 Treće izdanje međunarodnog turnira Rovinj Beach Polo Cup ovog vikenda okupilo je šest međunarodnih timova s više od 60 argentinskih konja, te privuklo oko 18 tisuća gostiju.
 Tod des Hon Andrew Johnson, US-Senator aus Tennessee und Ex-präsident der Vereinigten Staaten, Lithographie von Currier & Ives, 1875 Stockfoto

* * *

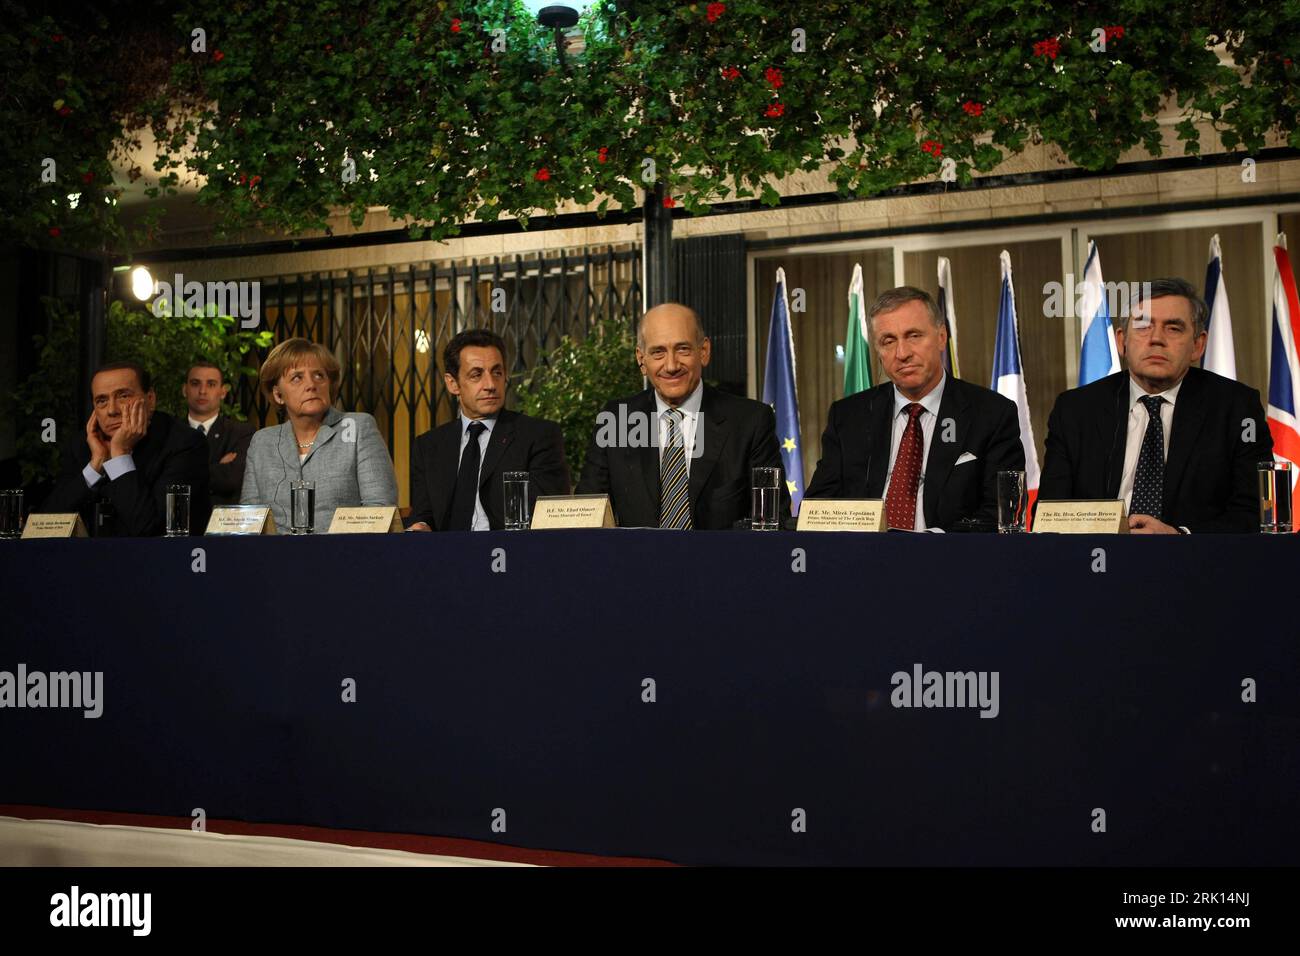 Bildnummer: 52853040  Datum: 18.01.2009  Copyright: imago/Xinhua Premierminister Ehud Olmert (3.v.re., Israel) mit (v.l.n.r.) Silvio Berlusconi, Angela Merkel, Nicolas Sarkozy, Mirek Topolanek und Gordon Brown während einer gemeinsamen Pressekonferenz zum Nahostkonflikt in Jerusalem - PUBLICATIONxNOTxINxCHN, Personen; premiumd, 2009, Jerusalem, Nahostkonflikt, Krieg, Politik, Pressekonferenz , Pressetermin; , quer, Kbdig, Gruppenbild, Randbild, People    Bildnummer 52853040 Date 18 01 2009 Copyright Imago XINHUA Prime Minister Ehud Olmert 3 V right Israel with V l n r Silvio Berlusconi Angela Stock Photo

==

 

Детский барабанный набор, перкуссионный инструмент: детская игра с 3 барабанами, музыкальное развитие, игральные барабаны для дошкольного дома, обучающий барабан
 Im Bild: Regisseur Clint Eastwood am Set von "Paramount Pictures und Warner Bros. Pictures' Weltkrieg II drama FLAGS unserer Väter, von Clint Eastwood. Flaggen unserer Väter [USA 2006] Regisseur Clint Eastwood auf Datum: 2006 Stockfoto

### How to complete this task
Take the stretch of lines above from the one containing "Treće izdanje međunarodnog" through the one containing "Tod des Hon" and repeat it exactly, adding no other line.

### Completed task
 Treće izdanje međunarodnog turnira Rovinj Beach Polo Cup ovog vikenda okupilo je šest međunarodnih timova s više od 60 argentinskih konja, te privuklo oko 18 tisuća gostiju.
 Tod des Hon Andrew Johnson, US-Senator aus Tennessee und Ex-präsident der Vereinigten Staaten, Lithographie von Currier & Ives, 1875 Stockfoto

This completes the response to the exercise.